8.2 - interval estimators

Motivation

Point estimators are single numbers (statistics) from a sample used to estimate a population \(\theta\)
Often accompanying point estimators are interval estimators, aka confidence intervals
The probability that a confidence interval covers the true \(\theta\) is referred to as the confidence level, or \((1-\alpha)\) (we can think of \(\alpha\) as the probability that the interval does not cover \(\theta\)).

Two types of CIs

There are two types of confidence intervals:

Exact confidence intervals: These intervals have \(100\times(1-\alpha)\%\) coverage regardless of the sample size.
Asymptotic or large sample confidence intervals: These intervals have \(100\times(1-\alpha)\%\) coverage for large values of \(n\). Usually derived using asymptotic normality of sample means guaranteed by the central limit theorem.

Pivotal quantities

Pivotal quantities are essential for deriving confidence intervals, either exact or asymptotic.
Definition: An exact pivotal quantity, \(Q(Y_1,Y_2,...,Y_n; \theta)\):
- Is a function of the data and \(\theta\);
- Has an exact distribution that does not depend on \(\theta\).

Definition: An asymptotic pivotal quantity, \(Q(Y_1,Y_2,...,Y_n; \theta)\):
- Is a function of the data and \(\theta\);
- Has an asymptotic distribution that does not depend on \(\theta\).

Often, the pivotal quantity can be expressed as \(Q(\hat\theta;\theta)\): in other words, the function of the data is often a function of the estimator \(\hat\theta\).

Recipe for deriving CIs

Find sampling distribution (exact or asymptotic) of \(Q(Y_1,Y_2,...,Y_n; \theta)\)
Find quantiles \(q_1\) and \(q_2\) such that:

\[P\left(q_1 \le Q(Y_1,Y_2,...,Y_n;\theta)\le q_2\right) = 0.95\]

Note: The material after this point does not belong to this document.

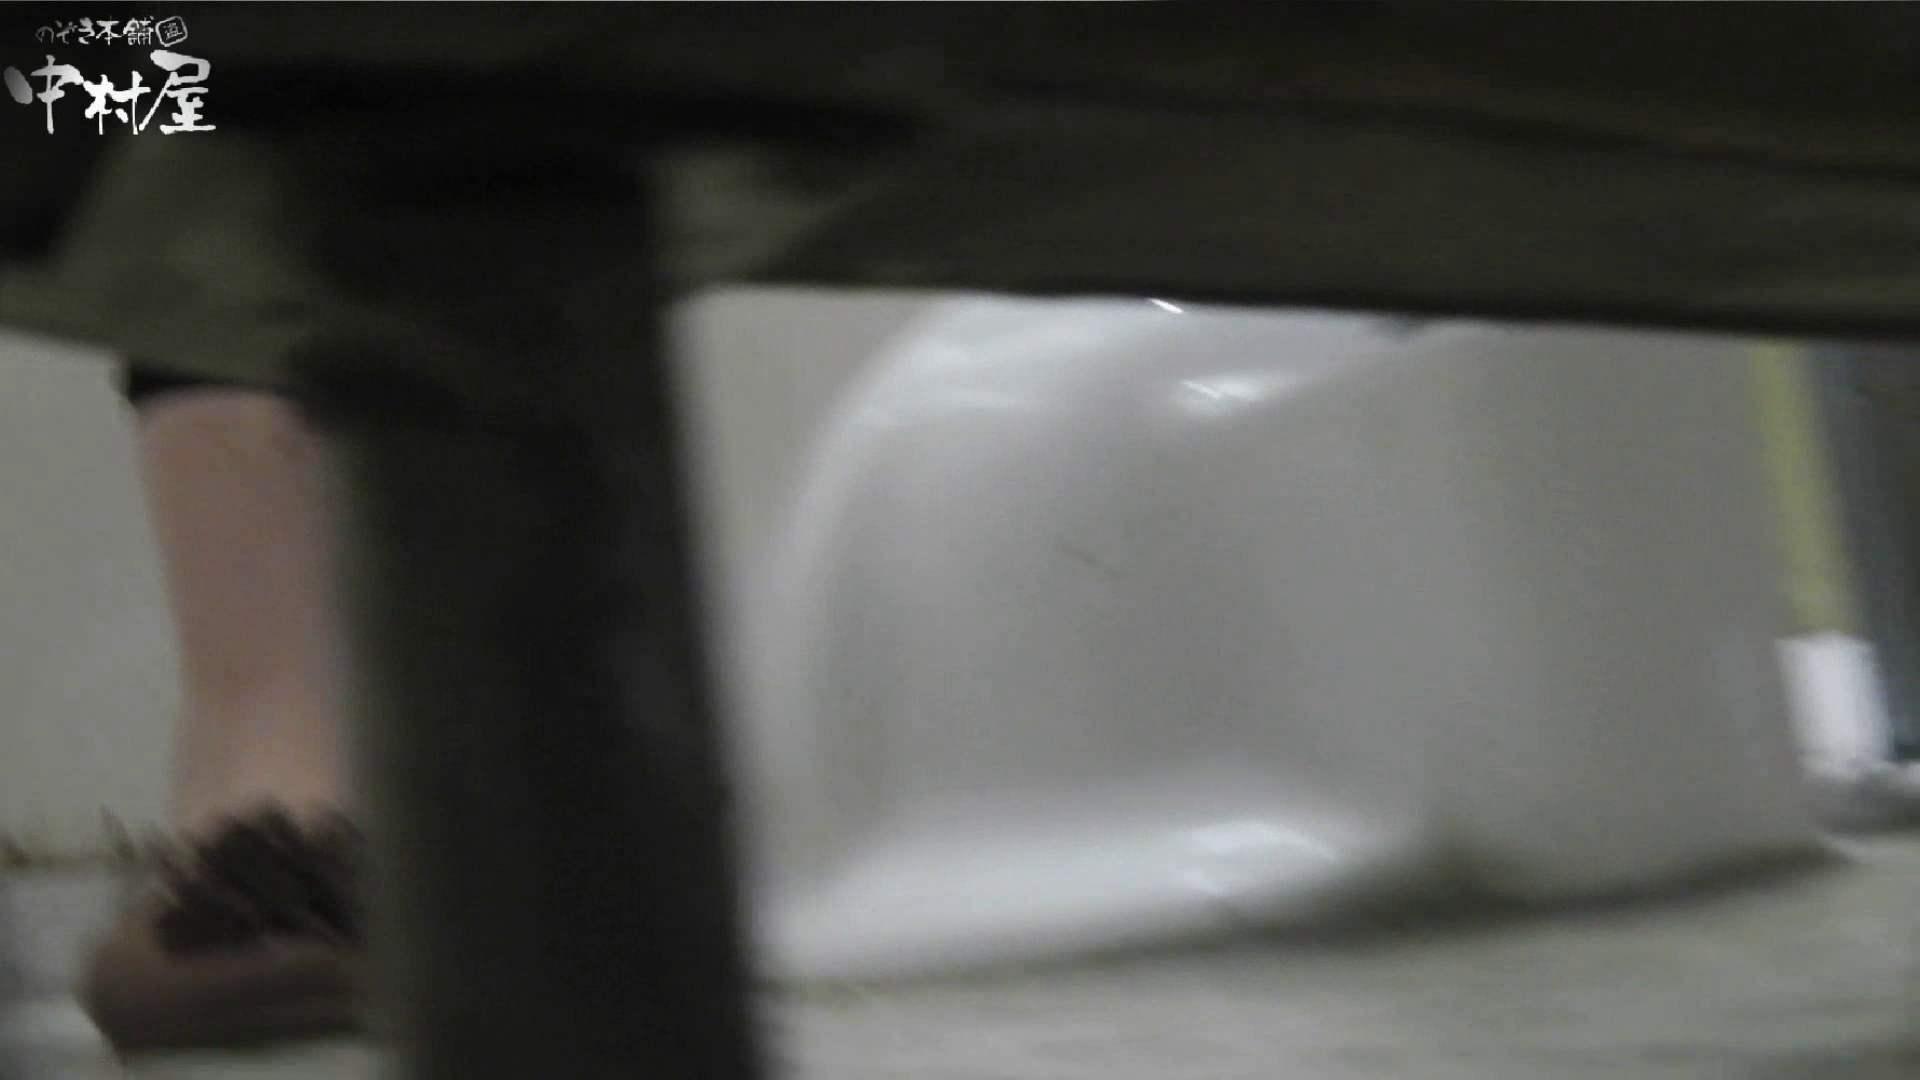 vol.49 命がけ潜伏洗面所! ポニテたんのソフトなブツ・推定180g 潜入シリーズ  74Pix 7

Pivot to isolate \(\theta\) in the middle of the inequality

Interval estimates for \(\tau(\theta)\)

Interval estimates for functions of parameters, \(\tau(\theta)\), are very intuitive.
If \((LCL, UCL)\) is a 95% confidence interval (either exact or asymptotic) for \(\theta\), then:

\[(\tau(LCL), \tau(UCL))\]

forms a 95% CI for \(\tau(\theta)\) if \(\tau(\cdot)\) is increasing; and:

\[(\tau(UCL), \tau(LCL))\]

forms a 95% CI for \(\tau(\theta)\) if \(\tau(\cdot)\) is decreasing.

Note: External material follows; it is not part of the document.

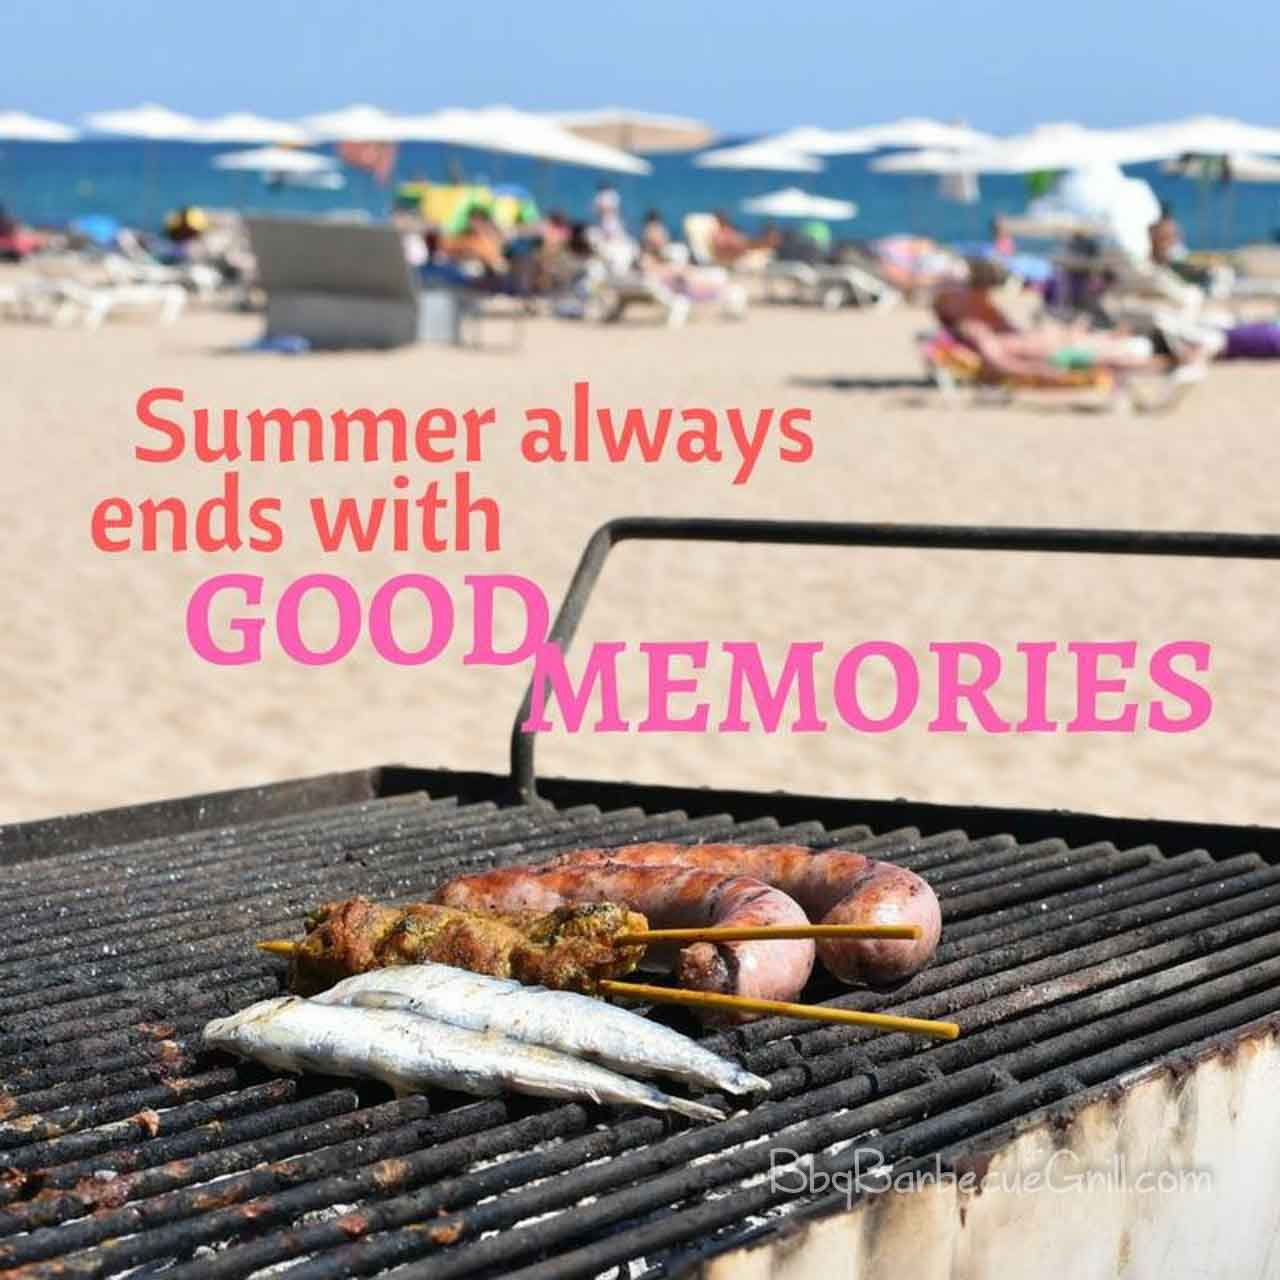 Summer always ends with good memories.

Example: CI for normal mean

Let \(Y_1,Y_2,...,Y_n\) be an i.i.d. sample drawn from a \(N(\mu,\sigma^2)\) population.
An exact pivotal quantity:

\[ Q(Y_1,Y_2,...,Y_n; \mu) = \frac{\bar Y - \mu}{S/\sqrt{n}}\sim t_{n-1}\]

Find quantiles:
- q1 <- qt(0.025, n-1)
- q2 <- qt(0.975, n-1)

With \(q_1\) and \(q_2\) so defined:

\[0.95 = P\left(q_1 \le \frac{\bar Y - \mu}{S/\sqrt{n}} \le q_2\right)\]

Pivot around \(\mu\):

\[0.95 = P\left(\bar Y - q_2\cdot \frac{S}{\sqrt{n}} \le \mu \le \bar Y - q_1\cdot \frac{S}{\sqrt{n}}\right)\]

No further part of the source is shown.